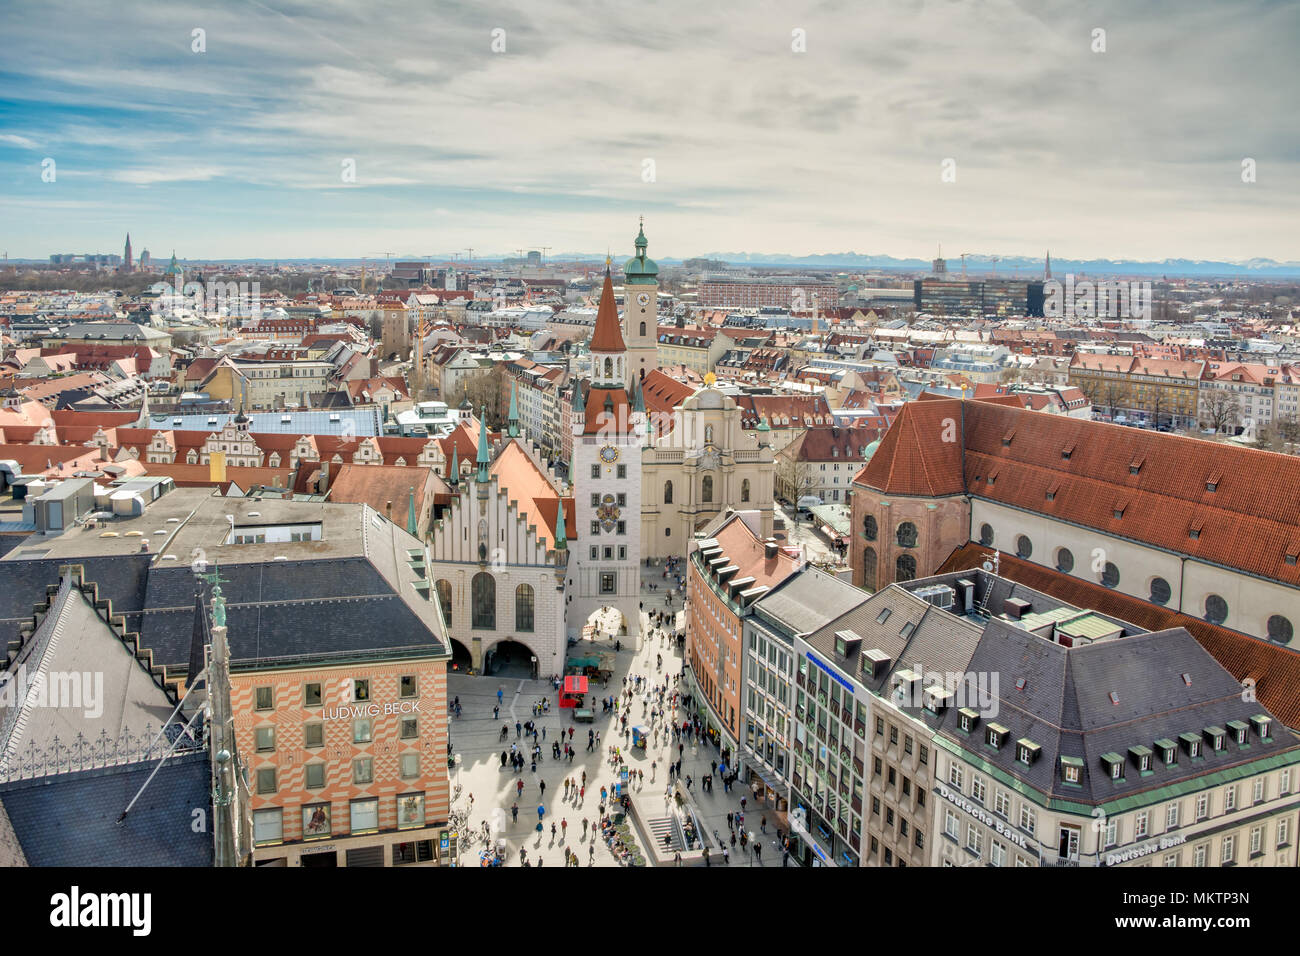 MUNICH, GERMANY - APRIL 4: Aerial view over the city of Munich, Germany on April 4, 2018. Crowds of people are at the square. Stock Photo
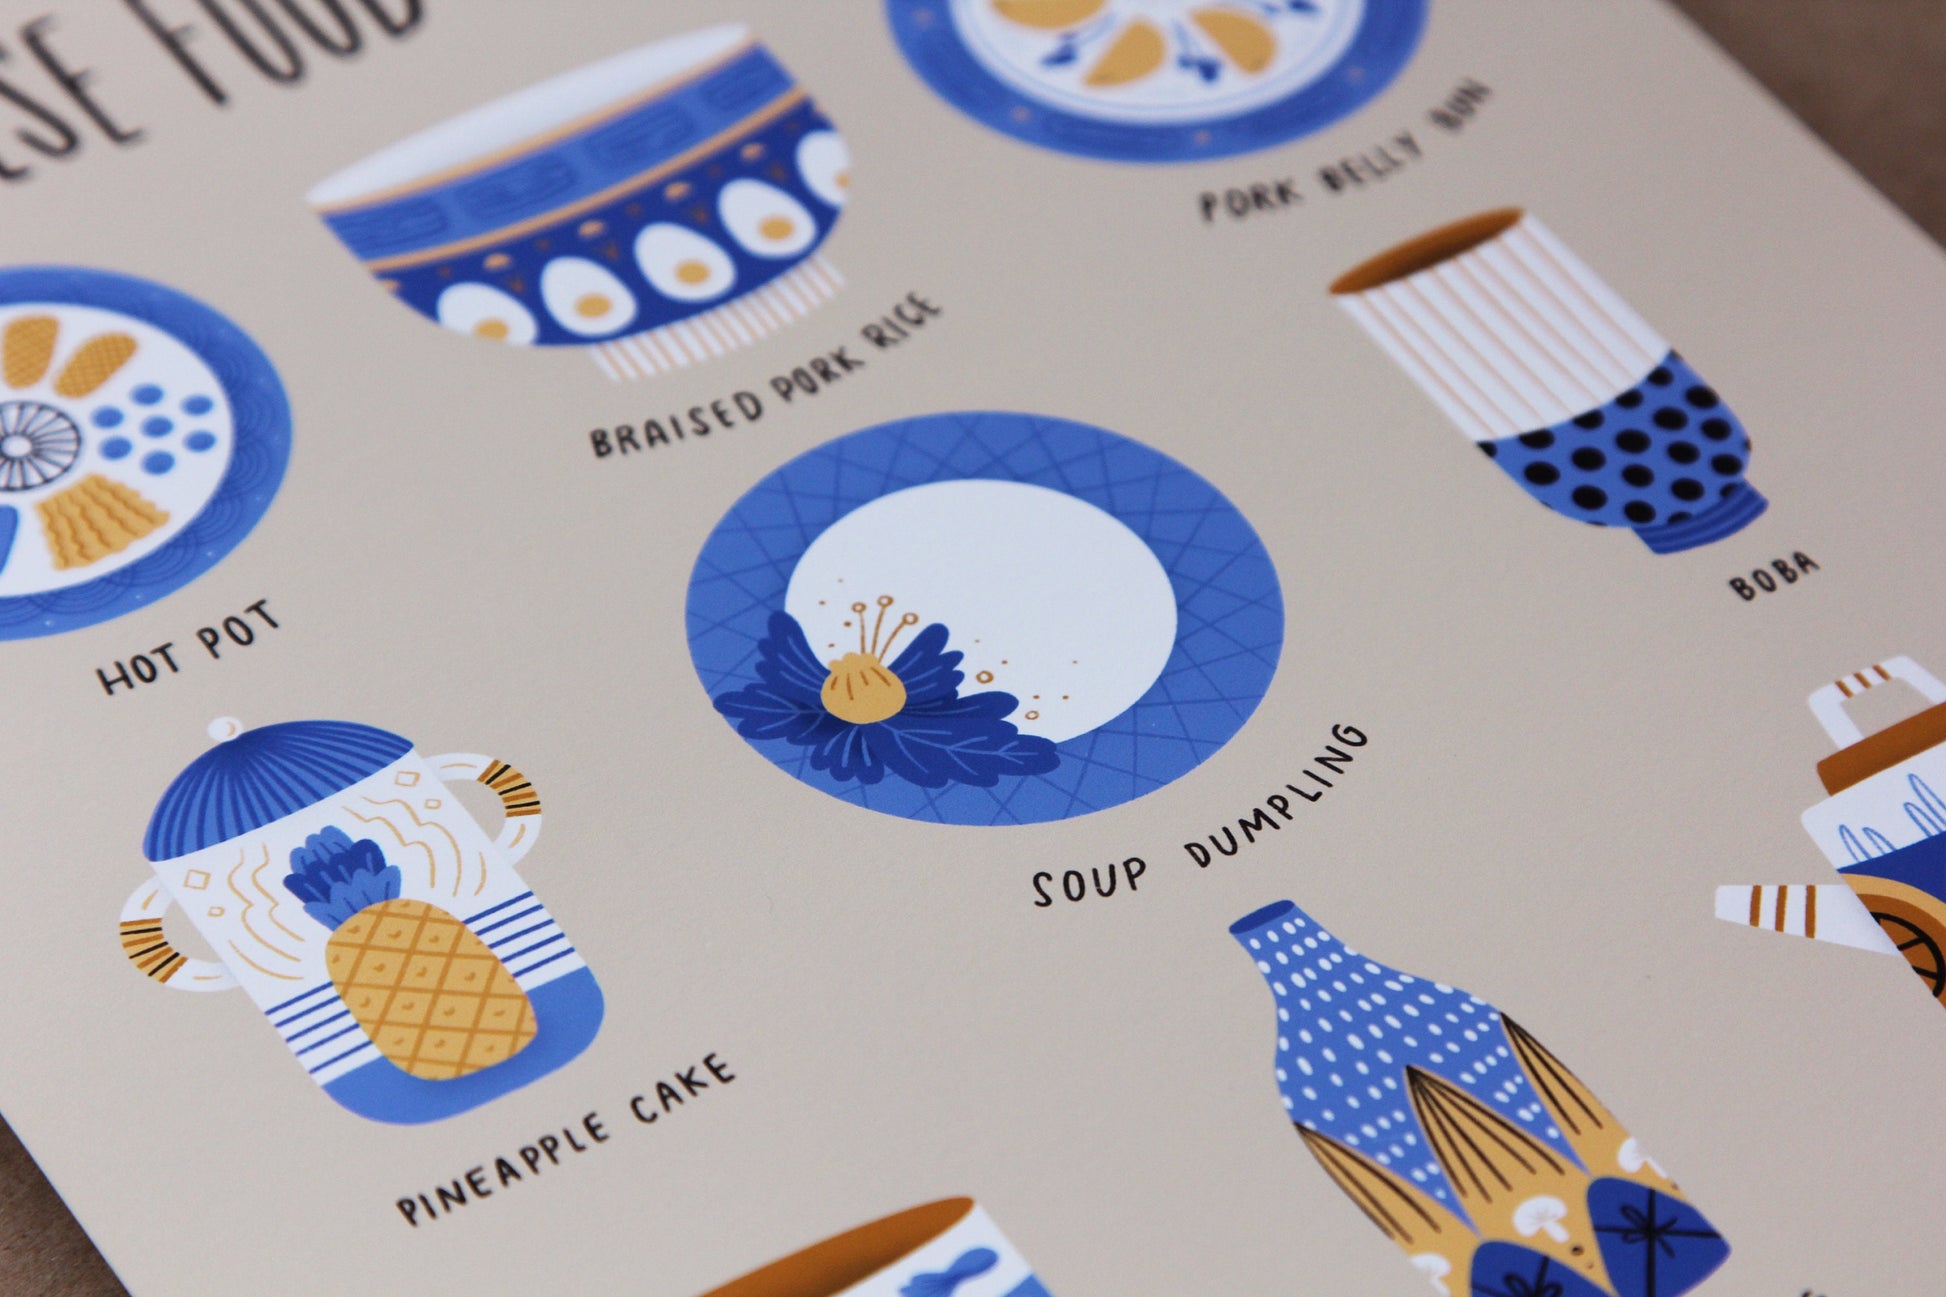 A close up of a JaneLi.Co print that says "Taiwanese Foods As Ceramics" with 9 different illustrations of ceramics over a brown background.
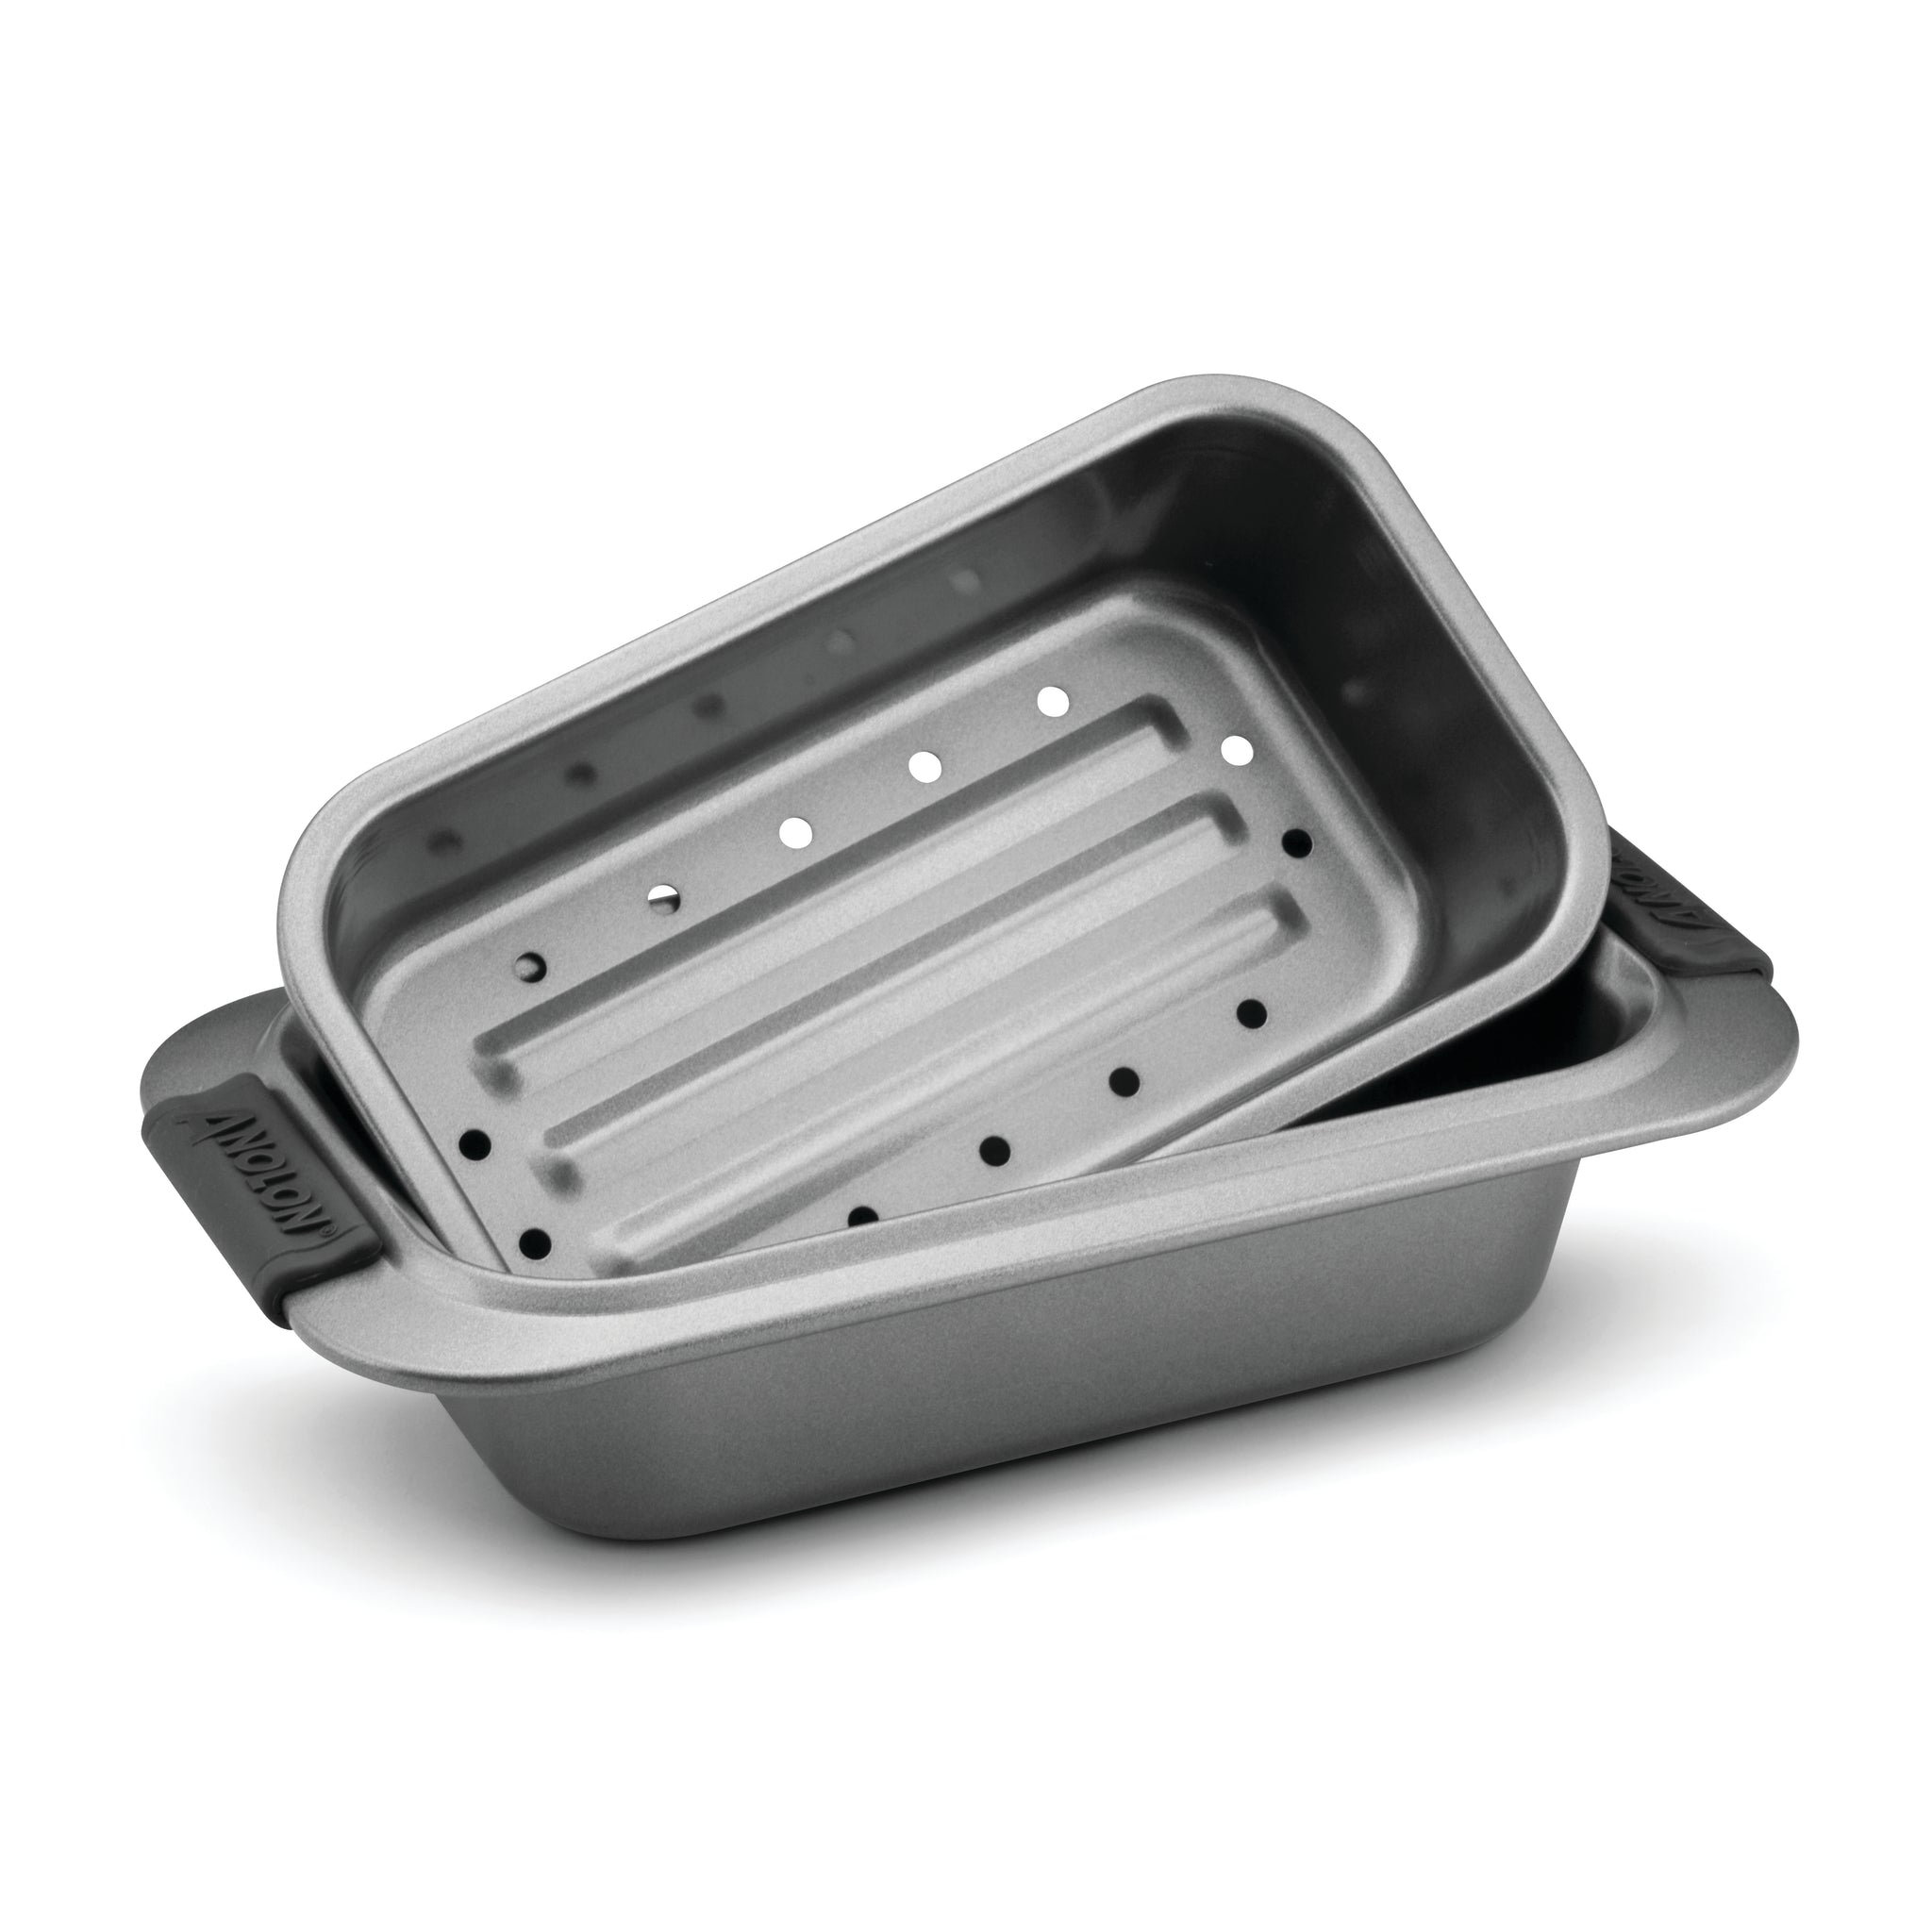 Nonstick 9 X 5 X 2.7 Large Loaf Pan, Meatloaf & Bread Pan Gray Durable  steel
────────
> Task item
Final stretch of the data: repeat exactly each line from the one containing "A close up of" through the last, and omit all pictures.

> Result of this exercise
 A close up of a JaneLi.Co print that says "Taiwanese Foods As Ceramics" with 9 different illustrations of ceramics over a brown background.
 Nonstick 9 X 5 X 2.7 Large Loaf Pan, Meatloaf & Bread Pan Gray Durable  steel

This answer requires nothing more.